Note: igh_dux4 is not a variant caller itself. This is a custom script that uses samtools to detect read pairs supporting IGH::DUX4 rearrangements.

It is mandatory to provide the gender of the sample from BALSAMIC version >= 10.0.0 For CNV analysis.

Further details about a specific caller can be found in the links for the repositories containing the documentation for SV and CNV callers along with the links for the articles are listed in bioinfo softwares.

Difficult to detect clinically relevant SVs#

IGH::DUX4 rearrangements

This is a custom script that uses samtools to detect read pairs supporting IGH::DUX4 rearrangements. In short, the command identifies discordant reads mapping to the IGH region and to either DUX4 or its homologous DUX4-like regions (see references for details). The inclusion of this feature aims to alleviate the failure of callers to detect this rearrangement.
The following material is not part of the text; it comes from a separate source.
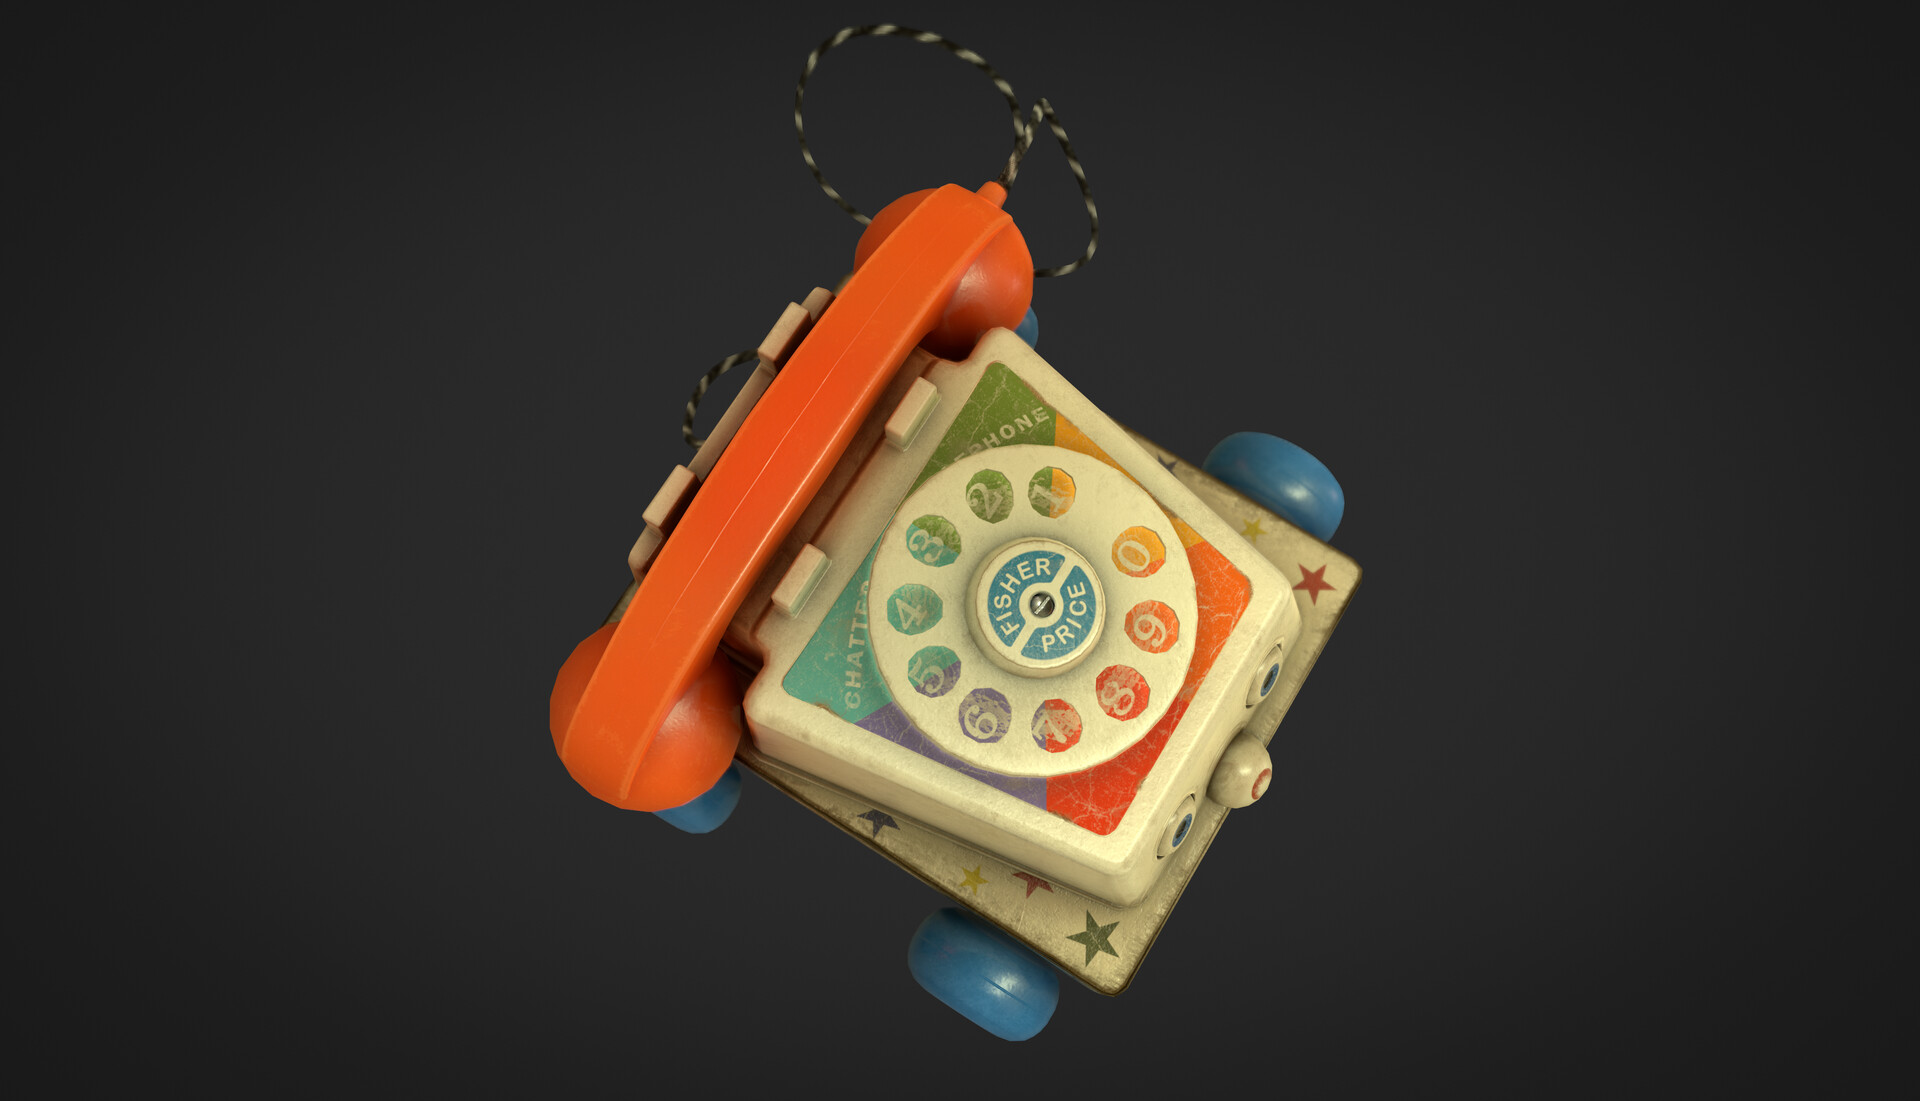 Hanna stenow chatterphone3

It is important to note, however, that the reported breakpoints are fixed to the IGH and DUX4 coordinates and are, therefore, imprecise and uncertain. Therefore, we advise caution when interpreting this information.
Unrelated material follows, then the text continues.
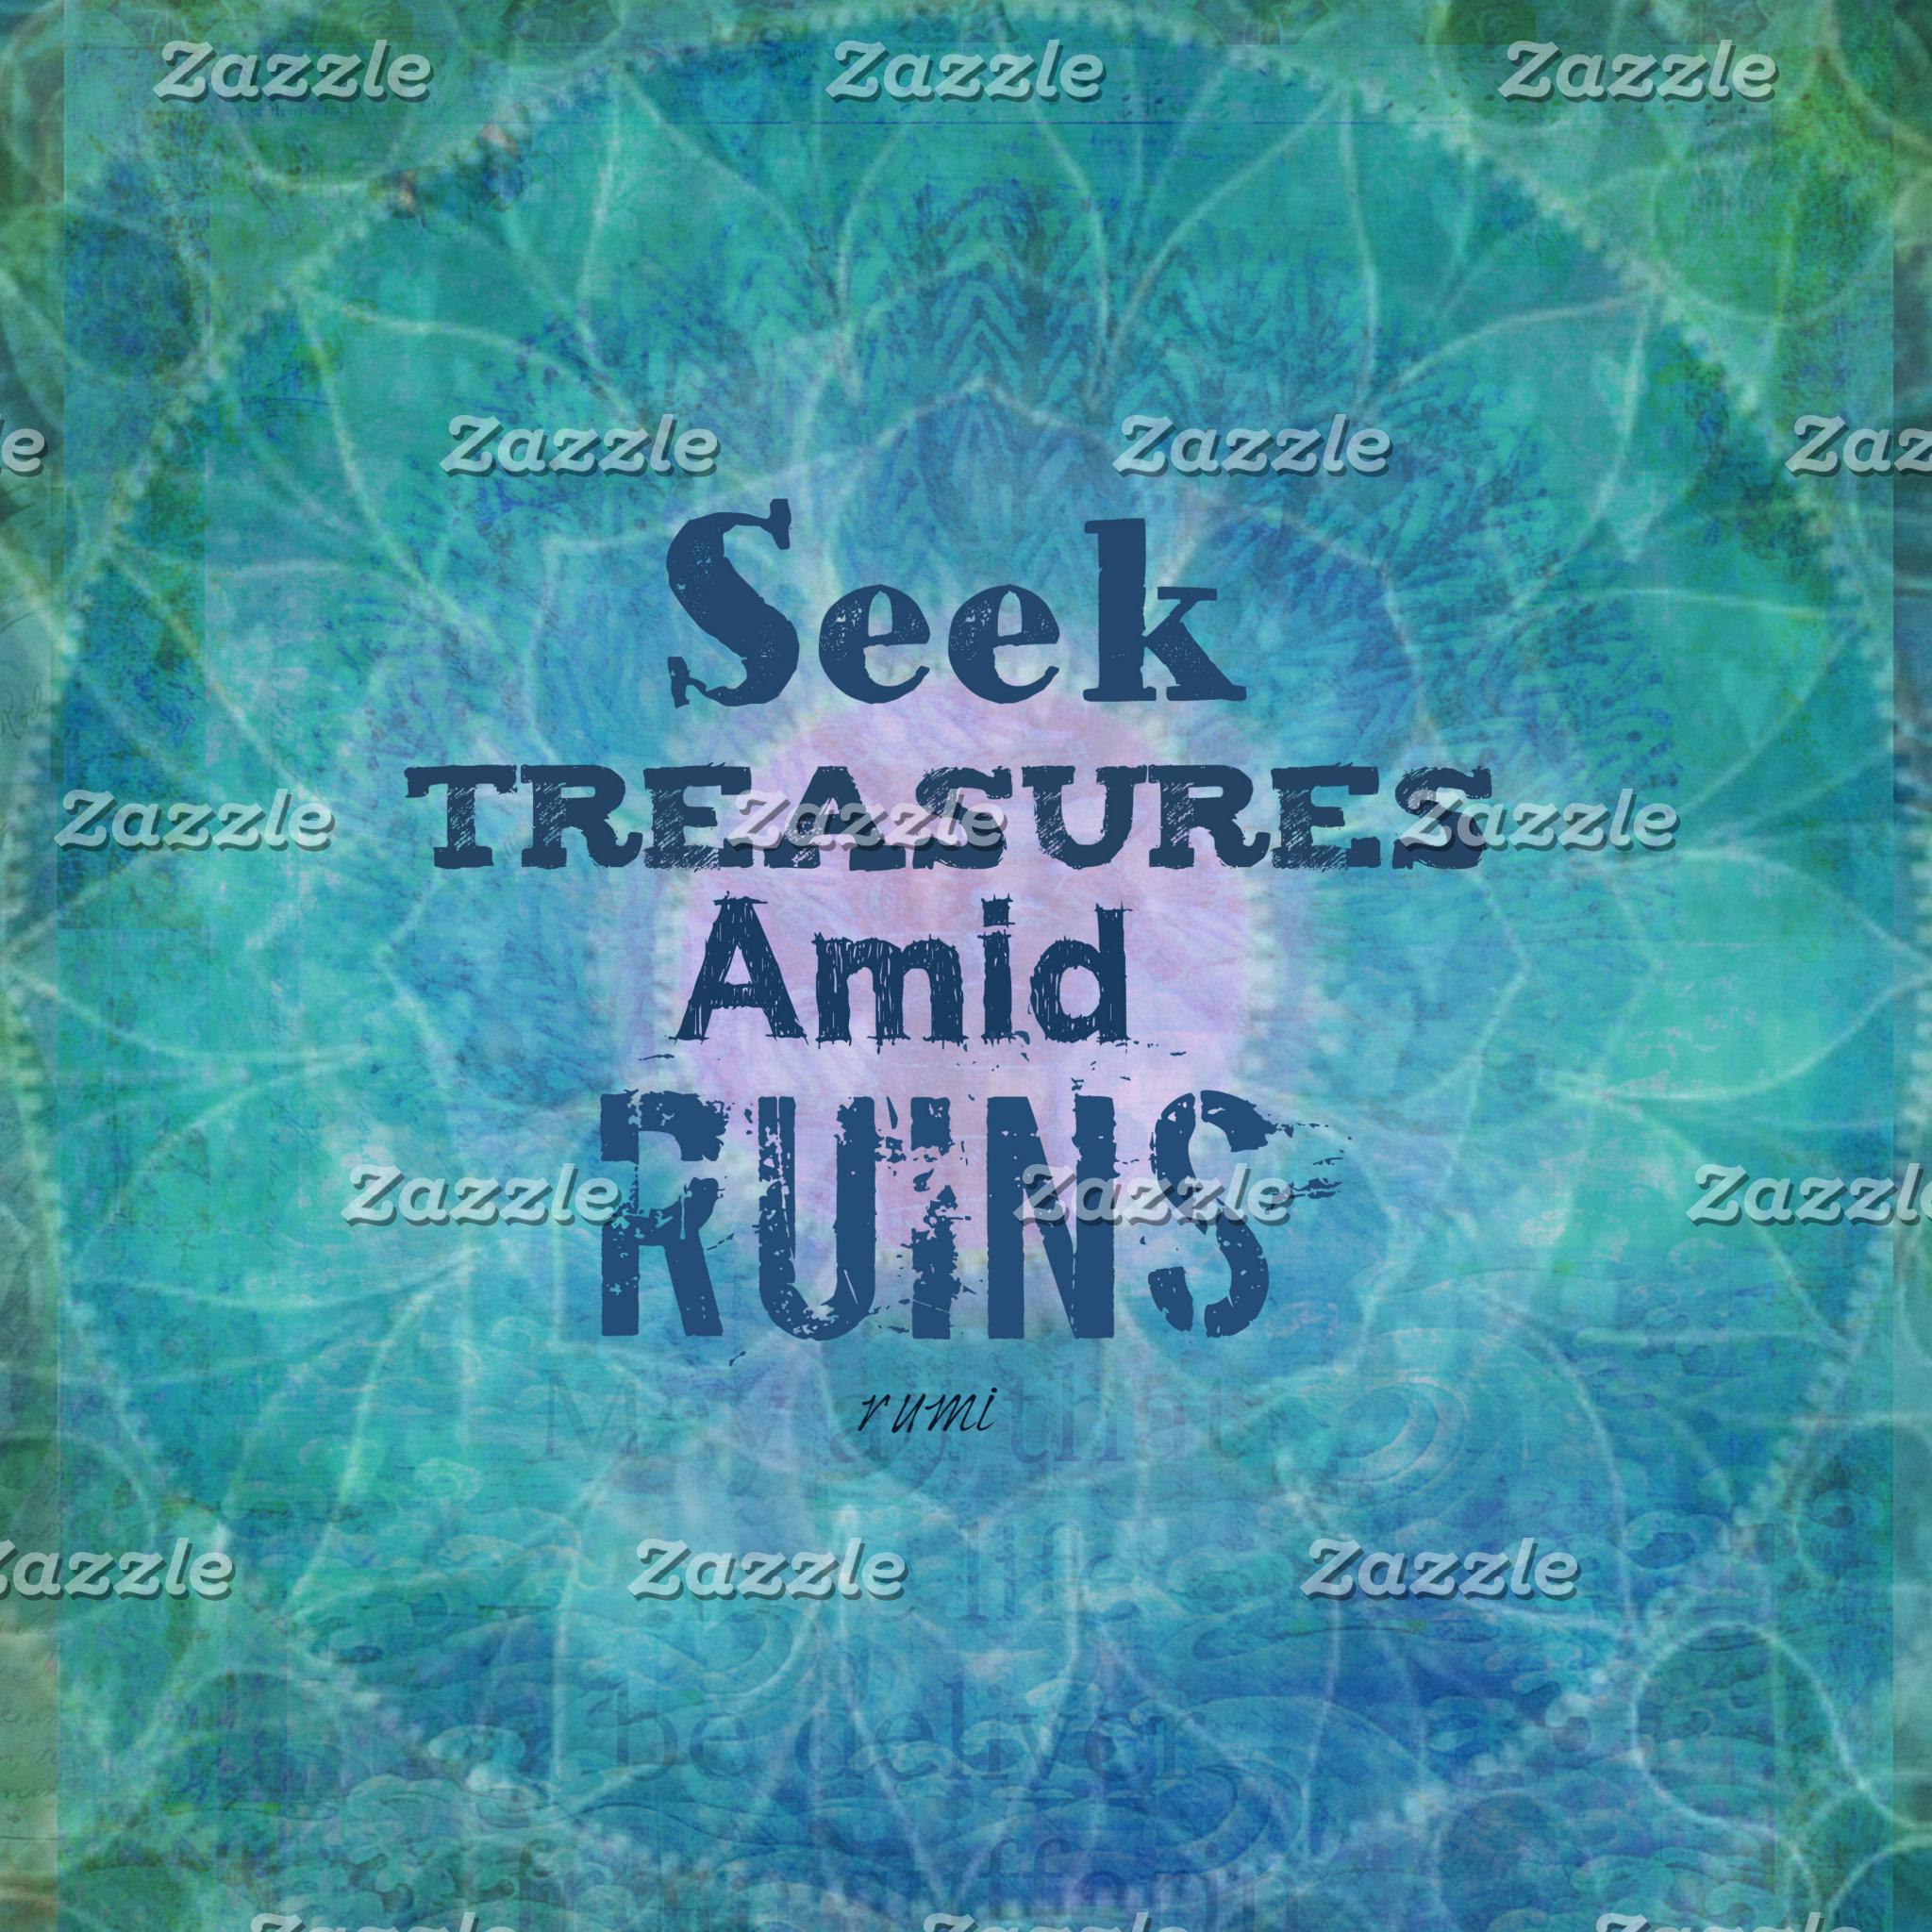 Seek Treasures Amid Ruins Rumi quote

The script used to detect this rearrangements can be found in: BALSAMIC/assets/scripts/igh_dux4_detection.sh (see references Detection of IGH::DUX4 rearrangement, for more information.)

FLT3-ITDs

FLT3 Internal Tandem Duplications are quite difficult to detect and can exist in sizes detectable by both small SNV and InDel callers such as VarDit and TNscope as well as Structural Variant callers like Manta, Delly and TIDDIT. In our experience however the variant is more commonly detected by SV callers and we strongly recommend that this variant is looked for in the SV results.

It has also been observed in release 16.0.0 of Balsamic a decline in the ability of SNV callers to detect this variant, possibly as a result of collapsing overlapping mates of read-pairs into singletons as a result of UMI post processing. This adds further reasons to searching for this variant in the SV results!

In the future we will aim to add further callers better able to detect this variant.

Pre-merge Filtrations#

The copy number variants, identified using ascatNgs and dellycnv, are converted to deletion and duplications before they are merged using SVDB with –bnd_distance = 5000 (distance between end points for the variants from different callers) and –overlap = 0.80 (percentage for overlapping bases for the variants from different callers).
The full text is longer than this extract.